I know that some people tried using regular rock shoes as liners and ended up with serious frostbite, since rock shoes have no insulation and are usually bought very tight. But these were more like boot liners, with insulation and such as you would expect for a liner, plus a sticky sole, wrapped around like a rock shoe. Visualize something like the regular liners for the Scarpa Invernos (lace to the toe), but with sticky rubber wrapping around like a Mythos. My impression was that they would work the same as the regular liners when used as a liner, and would be passable as a rock shoe. When I stuck my foot in them, they felt pretty much like my regular liners, not any less comfortable. But I didn't try them on a climbing wall or out in the snow, so I don't know how they climb or how good the insulation really is.
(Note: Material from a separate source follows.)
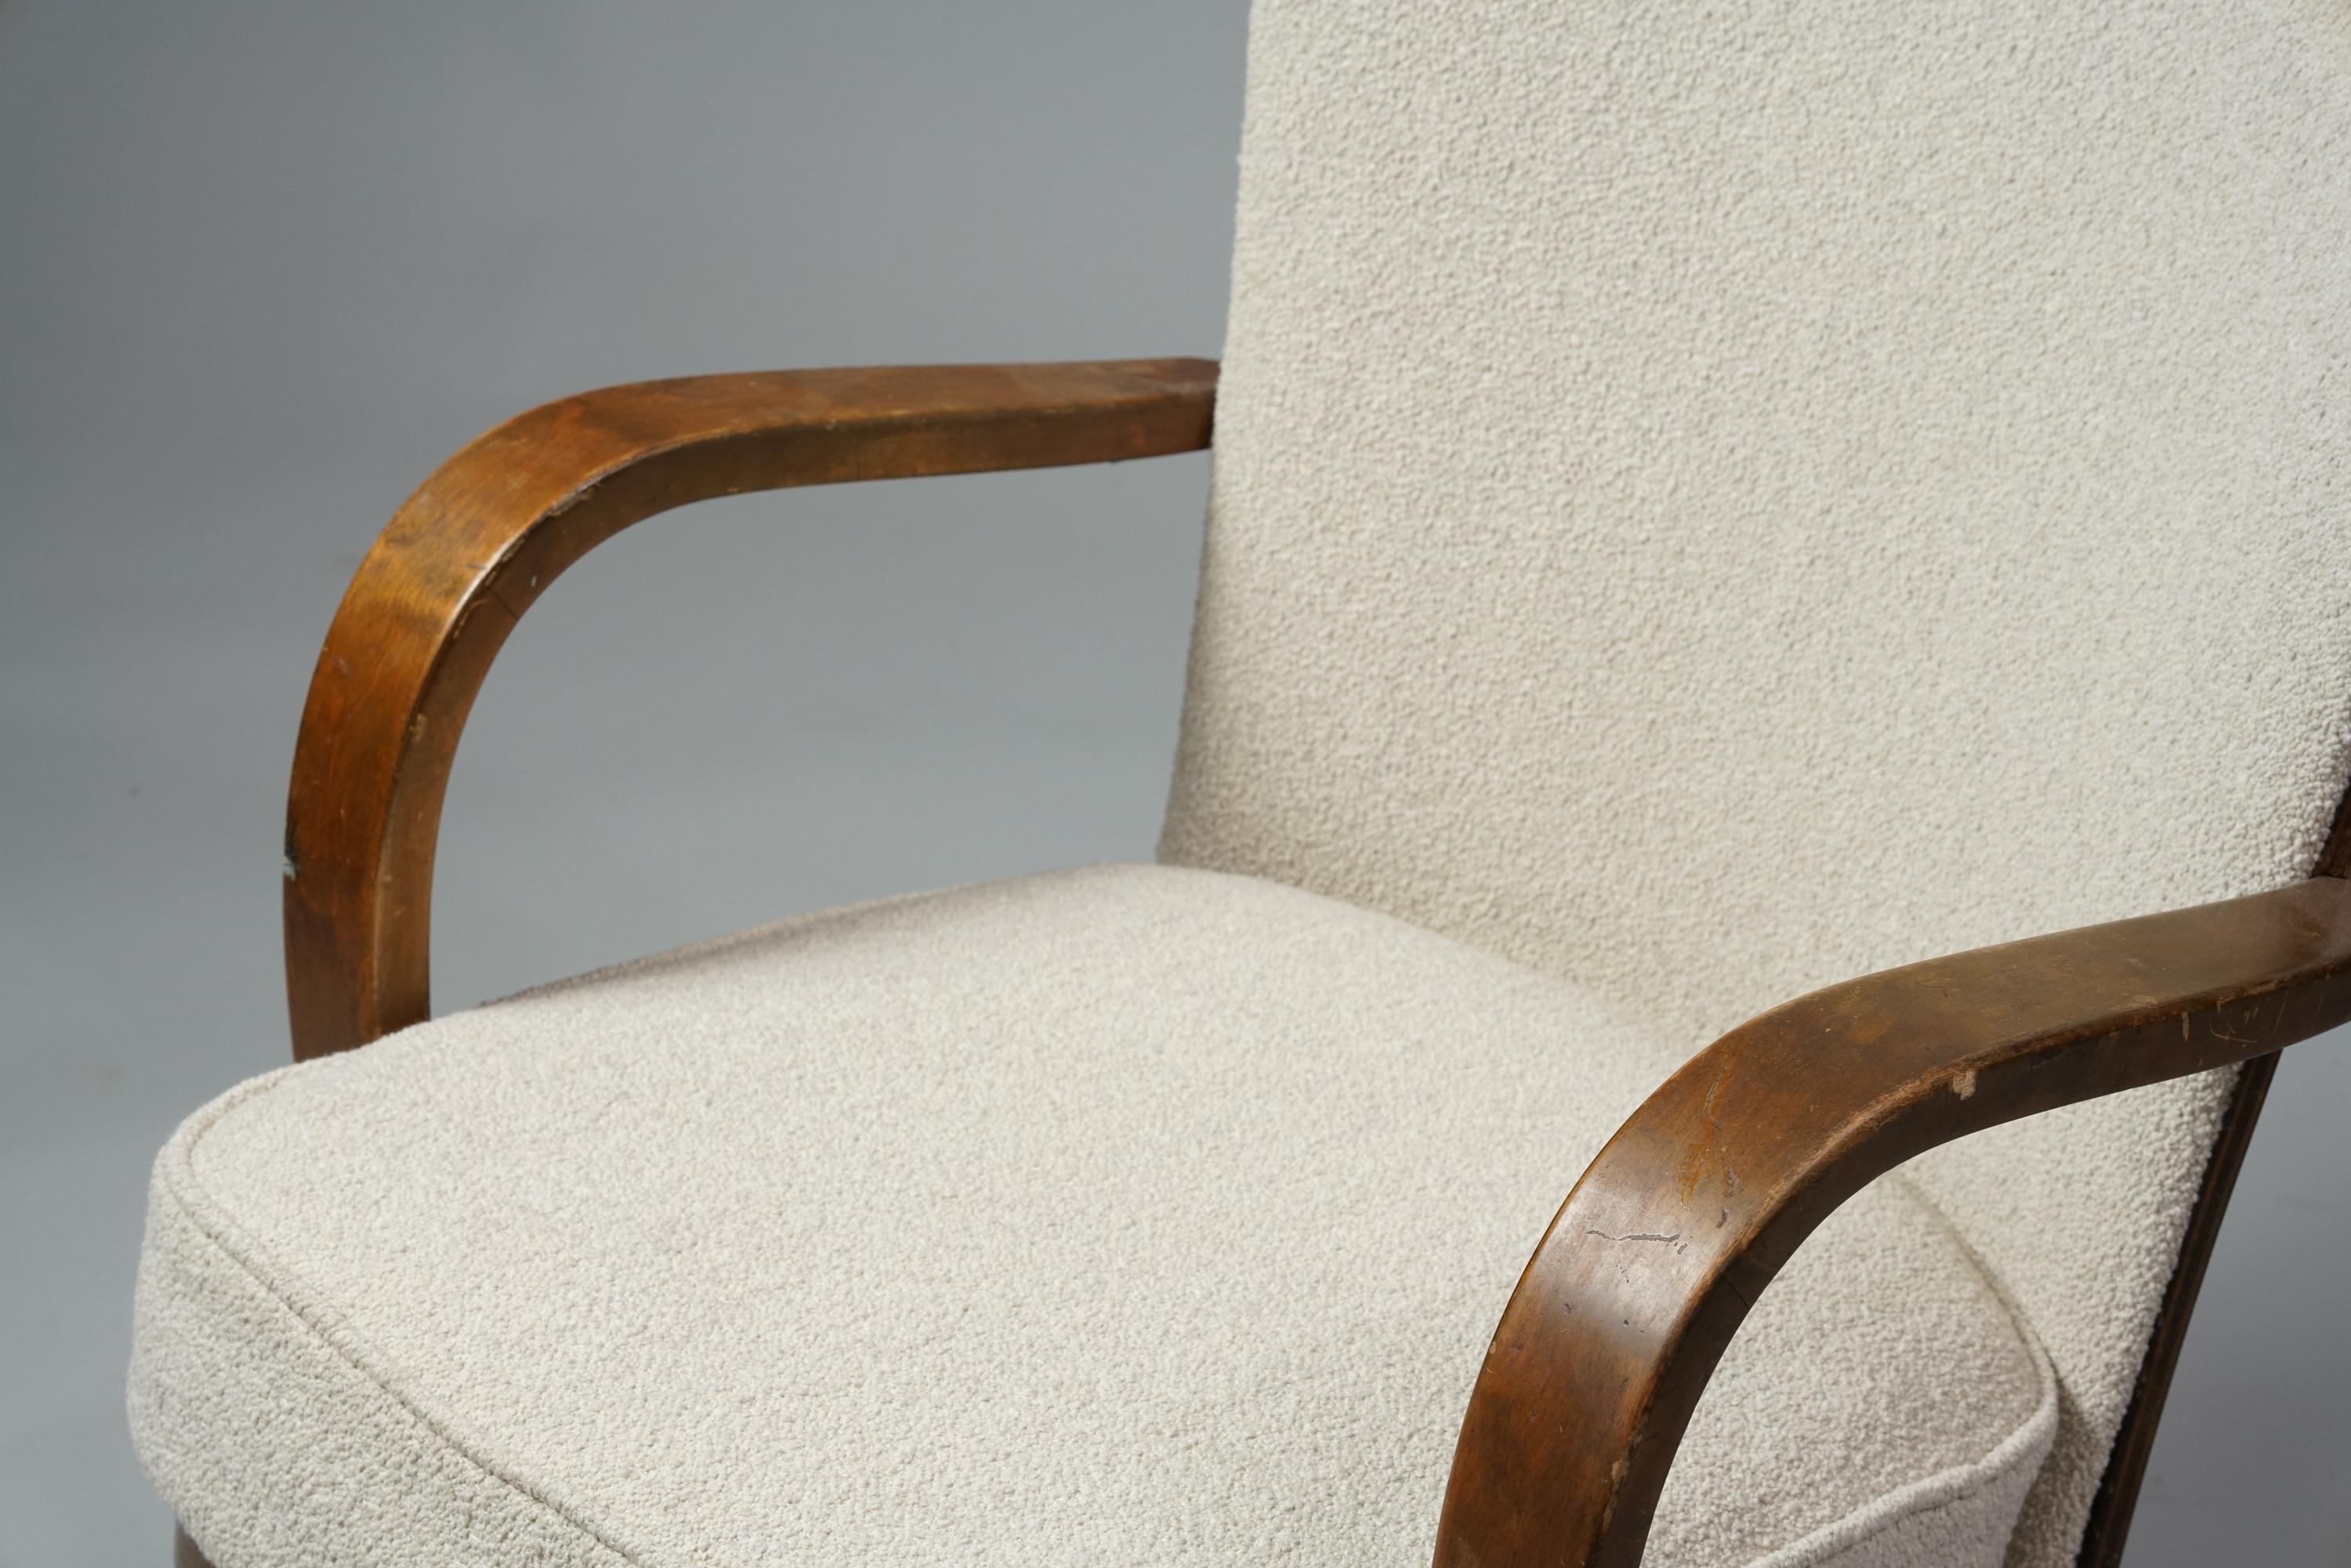 Armchair, designed by Werner West, 1930/1940s. Birch frame, reupholstered with quality Lauritzon's Orsetto 012- fabric. Good vintage condition, minor patina and wear on the frame consistent with age and use. Classic Finnish Scandinavian Modern

I'm just suggesting they might be worth a look.

8:40 a.m. on November 6, 2002 (EST)
(Guest)

Re: the ones I saw

I like the idea below, but I will say I have used the "boot in shell" technique in the Alps on mixed routes without any problem several times, in fact it worked like a charm. Also, liners were kept on for slogging, rock shoes on at the base of the climb, then shells/crampons on for ice/snow sections. Also, to reiterate, rock boots definitely should be relaxed fit, allowing for a liner sock as well. As for me, thats preferred anyway since I really don't climb much rock over 5.9 Also, fwiw, I was taught this by a highly experienced UIAGM guide who had climbed in the Alps for at least 20 years.

Quote:

I know that some people tried using regular rock shoes as liners and ended up with serious frostbite, since rock shoes have no insulation and are usually bought very tight. But these were more like boot liners, with insulation and such as you would expect for a liner, plus a sticky sole, wrapped around like a rock shoe. Visualize something like the regular liners for the Scarpa Invernos (lace to the toe), but with sticky rubber wrapping around like a Mythos. My impression was that they would work the same as the regular liners when used as a liner, and would be passable as a rock shoe. When I stuck my foot in them, they felt pretty much like my regular liners, not any less comfortable. But I didn't try them on a climbing wall or out in the snow, so I don't know how they climb or how good the insulation really is. I'm just suggesting they might be worth a look.